VCF is designed to store only genotypes and raw informations, from a certain point of view this could be an advantage.

Pierre Lindenbaum said...

I don't meant that the NGS softwares should output some XML but I needed a file format where I could add some informations about the mutations. So let's say that's VCF is OK (it is compact, sortable, etc..) but I've only created a new kind of file to manage my data.

diffusing thoughts said...

thanks for this post it. I find it very educational and a good example of XML use.

Sylvain said...

Just one tiny remark:

cat file.vcf | java -jar vcf2xml.jar > vcf.xml
is considered bad Un*x style, indeed there is an unnecessary call to cat...

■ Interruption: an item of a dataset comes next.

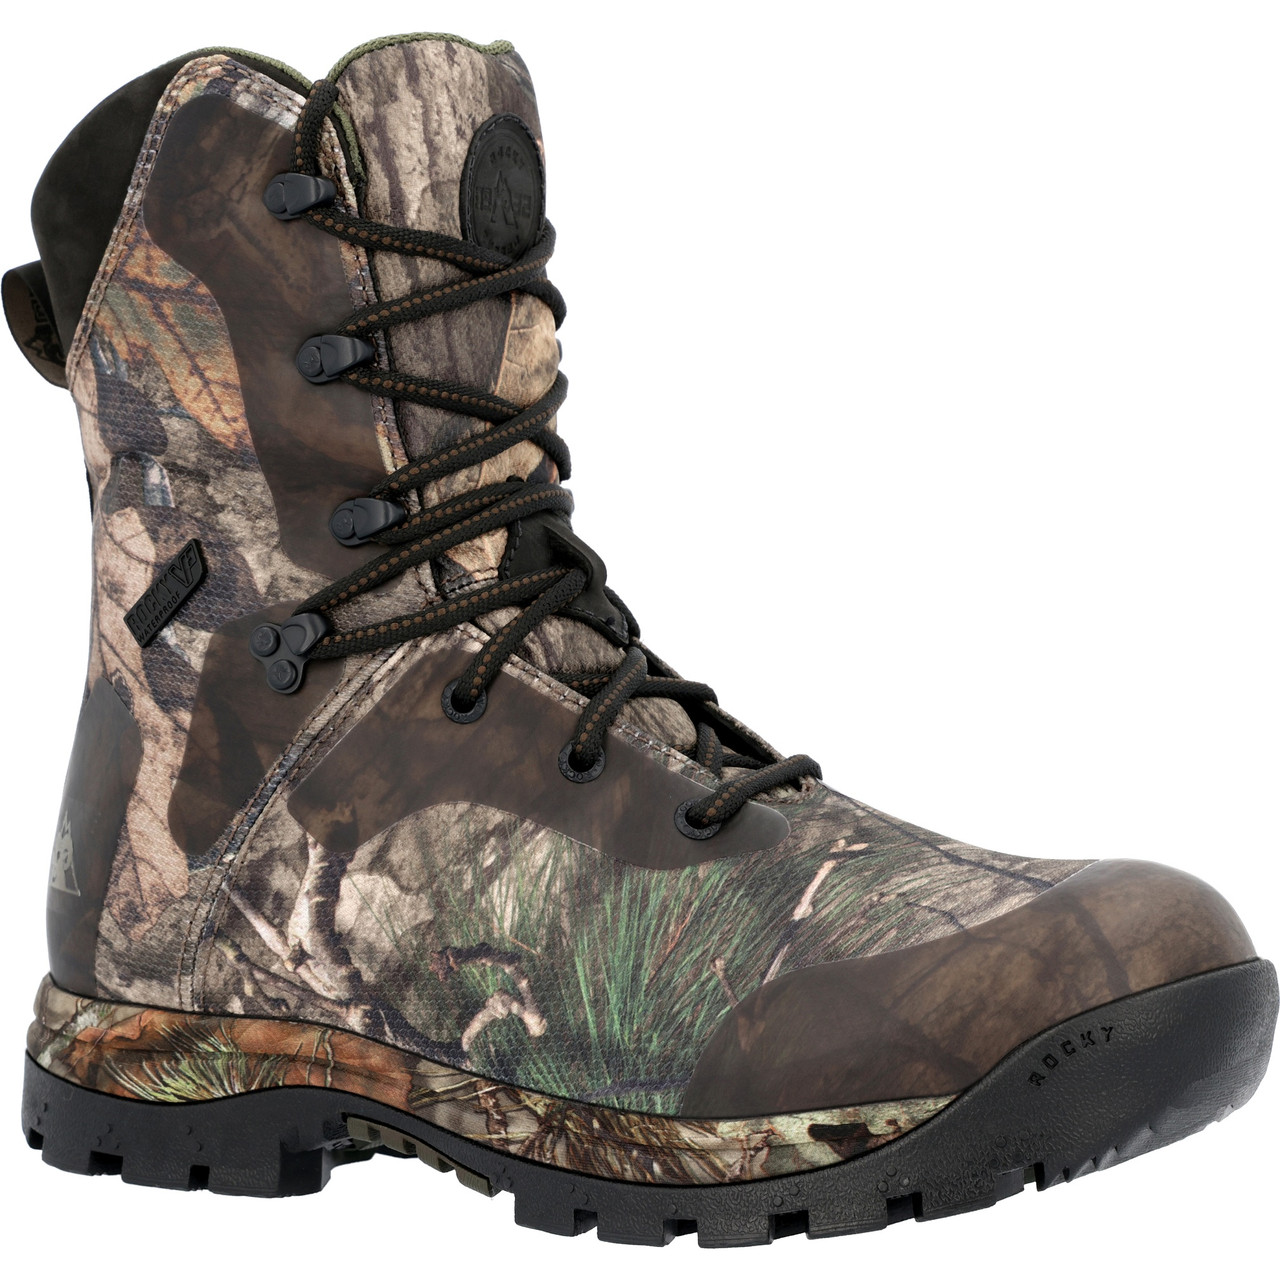 ROCKY LYNX 1000G INSULATED OUTDOOR BOOTS RKS0627

The same can be done with pure shell as
java -jar vcf2xml.jar < file.vcf > vcf.xml

Sylvain

casbon said...

My bugbear with these formats is that the embedded structured data should be done in JSON, not some ad hoc format. In vcf, you have


GT:DP:GL:GQ 1/1:11:-28.60,-3.15,-0.15:30.00


In GFF3 you have

ID=blah;Parent=foo


If you are going to embed data in a single column, use JSON. i.e.:


{'GT': '1/0', 'DP': 11, ...}


or

{'ID': 'blah', 'Parent': 'foo'}


It would save everyone a lot of hassle.

Anonymous said...

I believe more than half of people are using command lines. JSON/XML will utterly ruin their lives. Also in the world of NGS, efficiency is often of the first priority. A few of us increasingly feel VCF is not efficient to parse. JSON/XML will only make this worse.